Innovation at DeepSeek is almost entirely bottom-up. For instance, the MLA innovation came from a young researcher’s initiative. Anyone with a valuable idea can freely access the resources they need to bring it to life.

Liang Wenfeng, is deeply technical—he writes code himself, annotates data, and even submitted the R1 paper personally. A former employee feels that everyone in the company is a fan of Liang, united by his vision and driven by a shared pursuit of AGI.

20. Last But Not Least: Vision Is More Important Than Technology

We want to emphasize that technology alone is not the defining factor, nor does it create an impenetrable moat. The true differentiator between AI models from various labs lies in their vision for the future. Vision, ultimately, is more powerful than technology. 

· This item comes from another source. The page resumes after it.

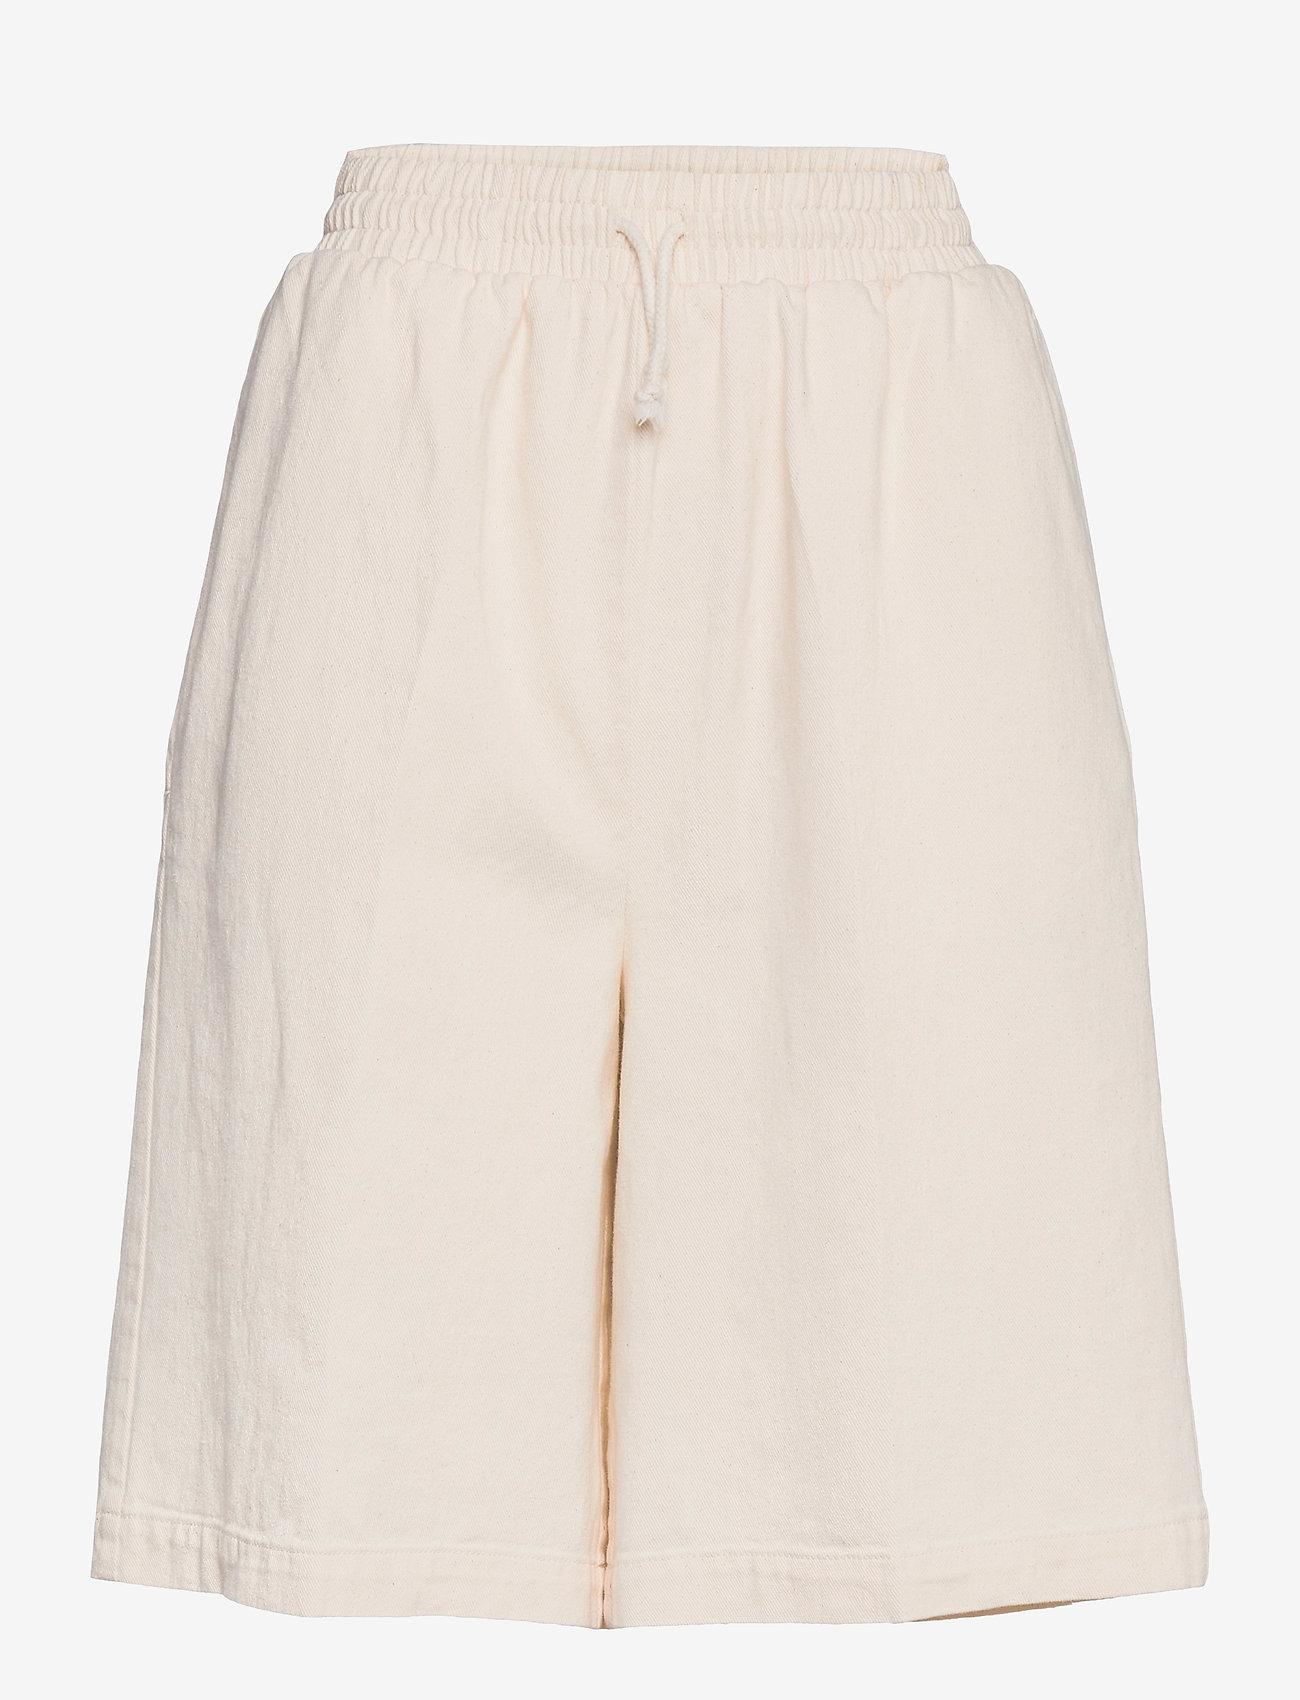 ICHI - IHGALENA SHO - casual shorts - pristine - 0

When those who have the foresight to see what lies ahead leave, and when the leaders in the field become increasingly entangled in politics, product competition, or the challenges of scaling, smaller, more agile teams will find their moment to shine. It’s still too early to determine who will prevail and who will falter. The disruption DeepSeek has already introduced is a clear signal of this truth—AI innovation is far from finished, and no one’s position is beyond challenge.